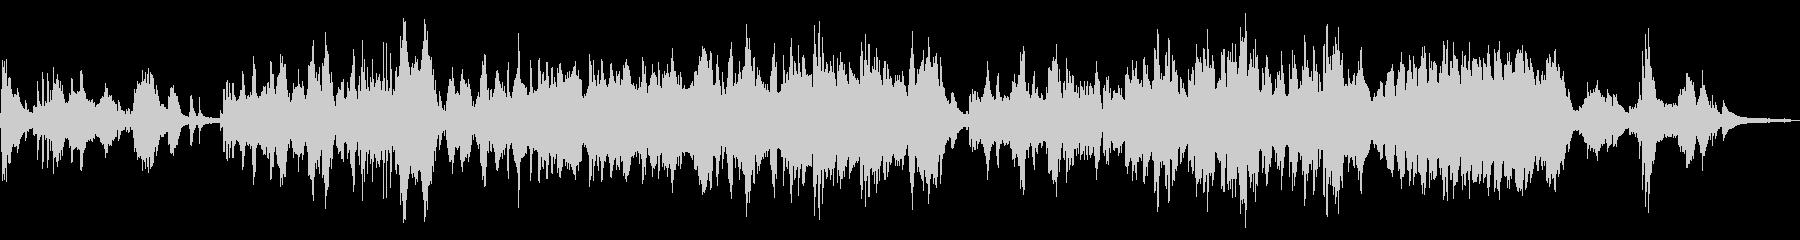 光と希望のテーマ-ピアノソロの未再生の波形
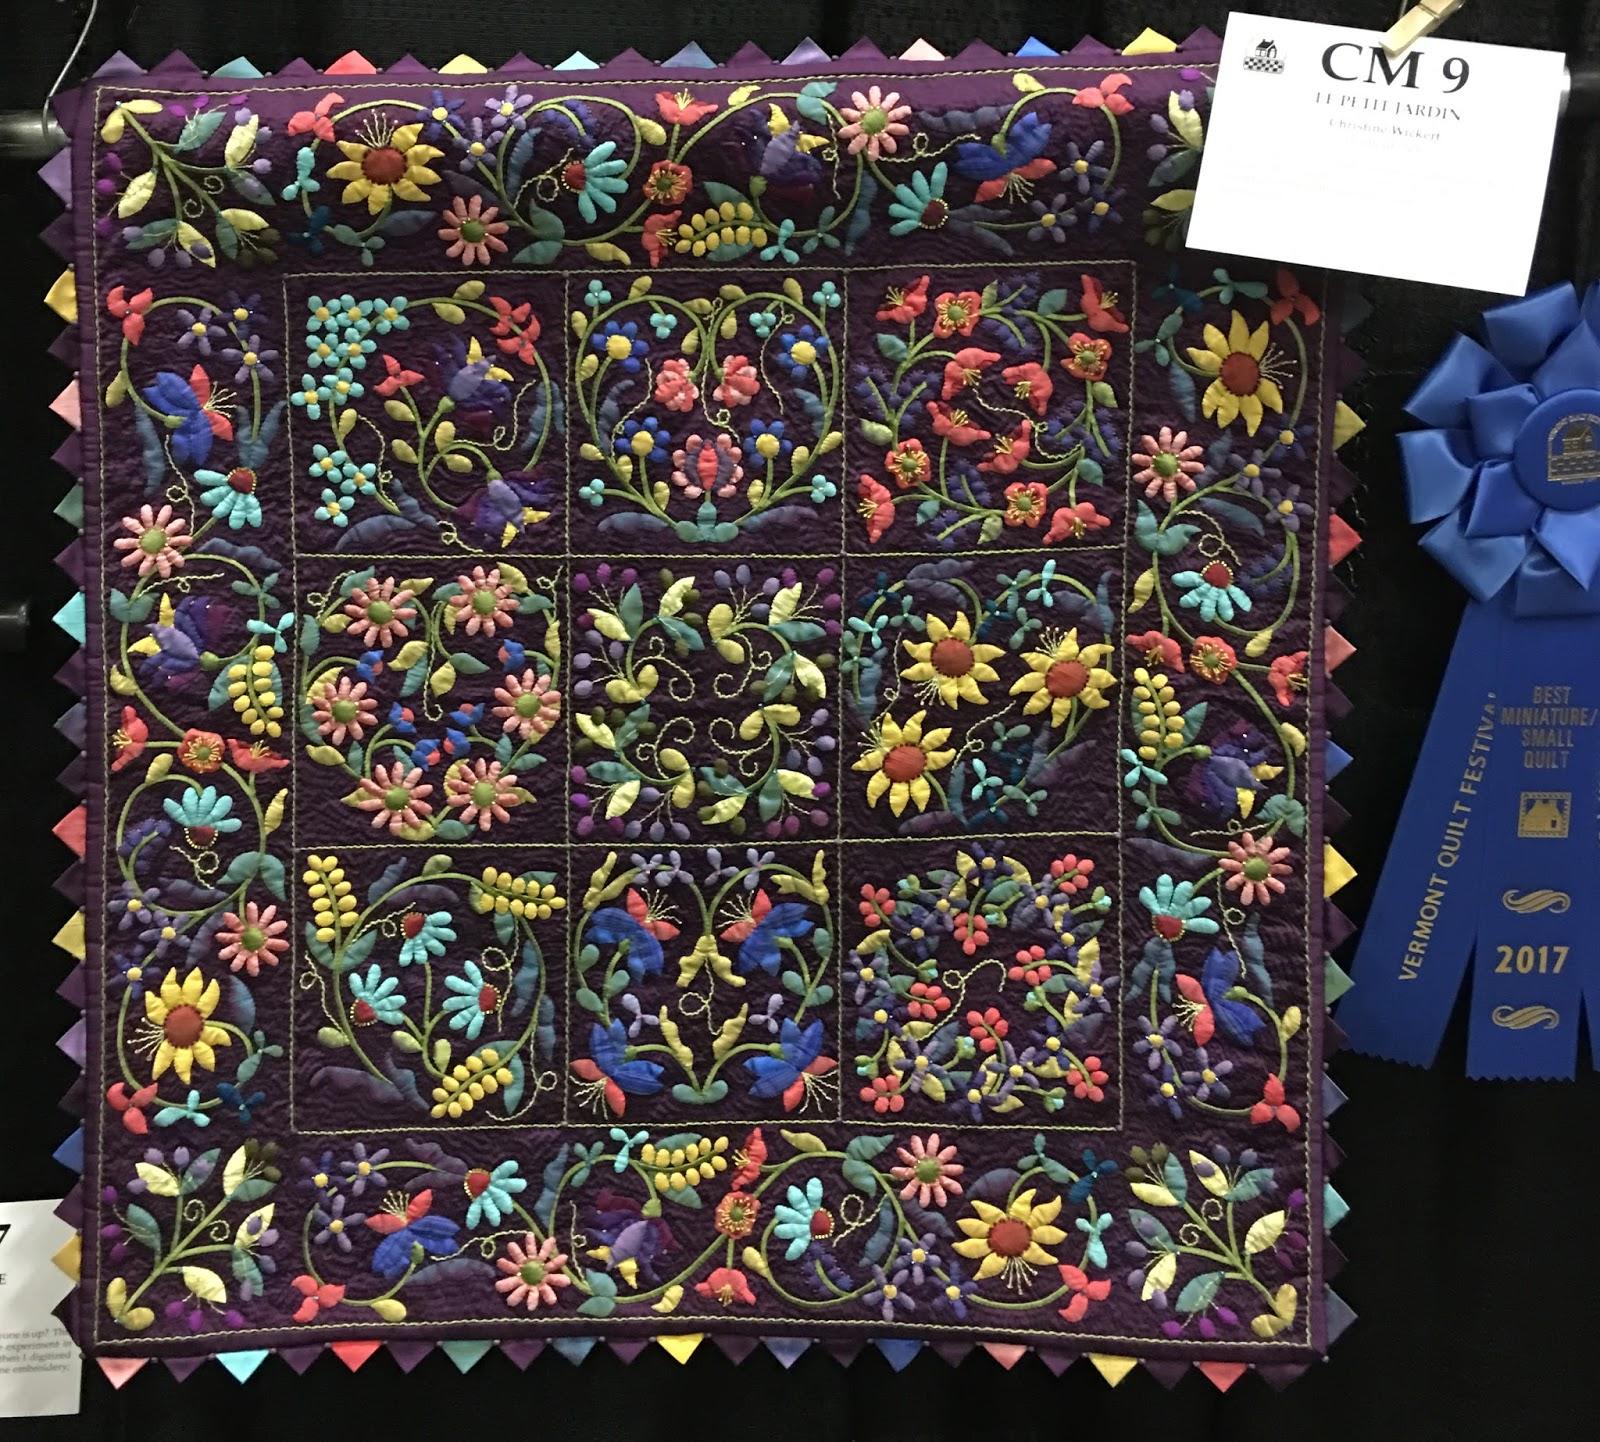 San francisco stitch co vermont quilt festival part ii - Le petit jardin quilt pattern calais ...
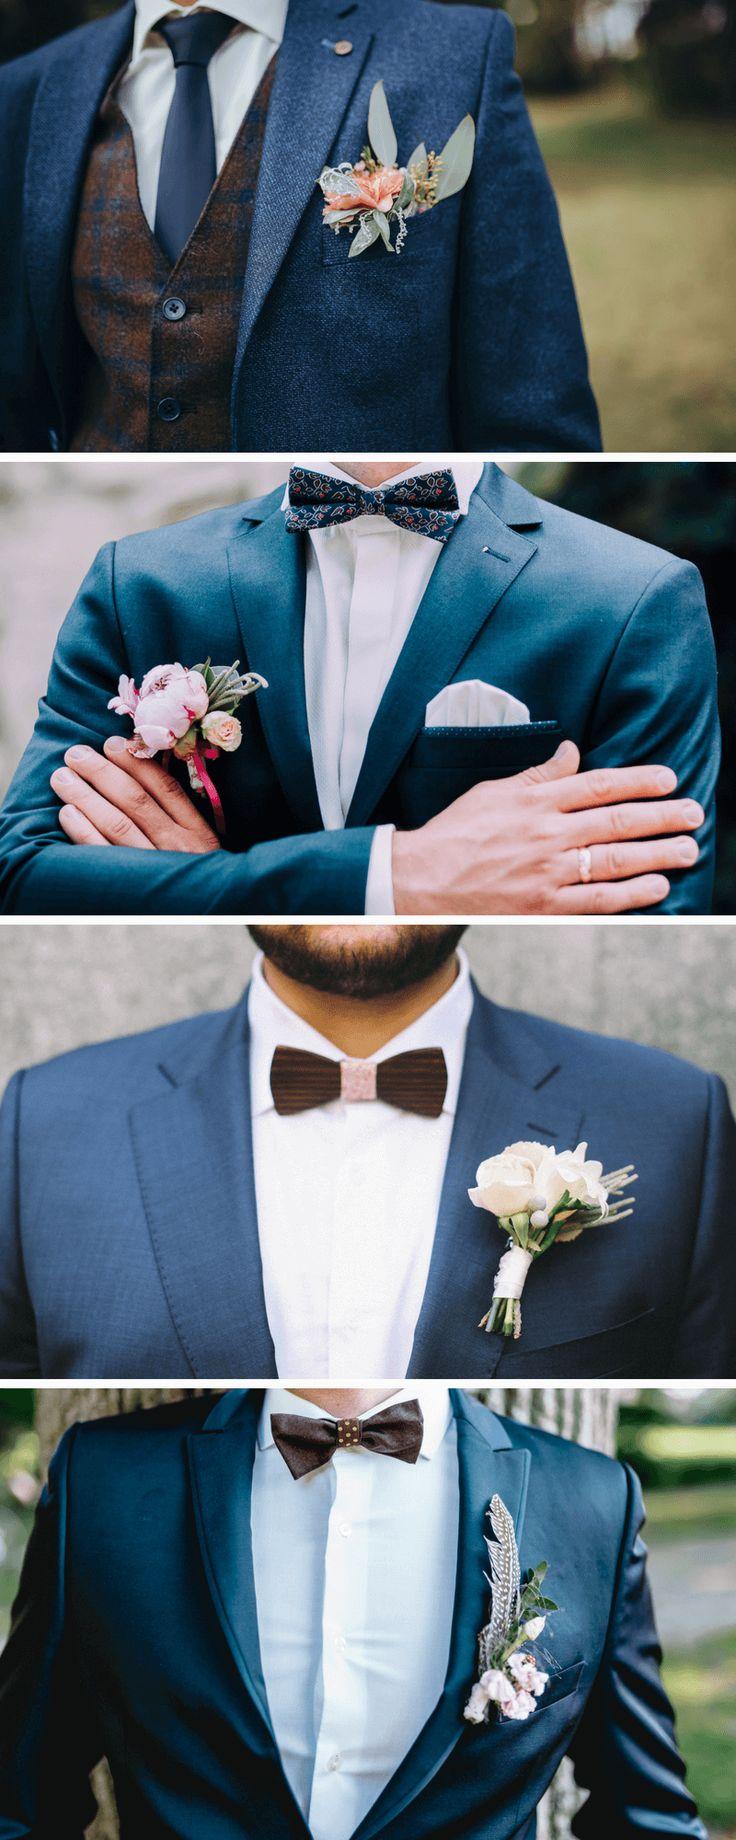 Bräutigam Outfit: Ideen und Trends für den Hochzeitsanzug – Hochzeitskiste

## [Goal of the exercise]
Please repeat each line above exactly as it appears, but omit the pictures.

## [Task result]
 光と希望のテーマ-ピアノソロの未再生の波形
 San francisco stitch co vermont quilt festival part ii - Le petit jardin quilt pattern calais ...
 Bräutigam Outfit: Ideen und Trends für den Hochzeitsanzug – Hochzeitskiste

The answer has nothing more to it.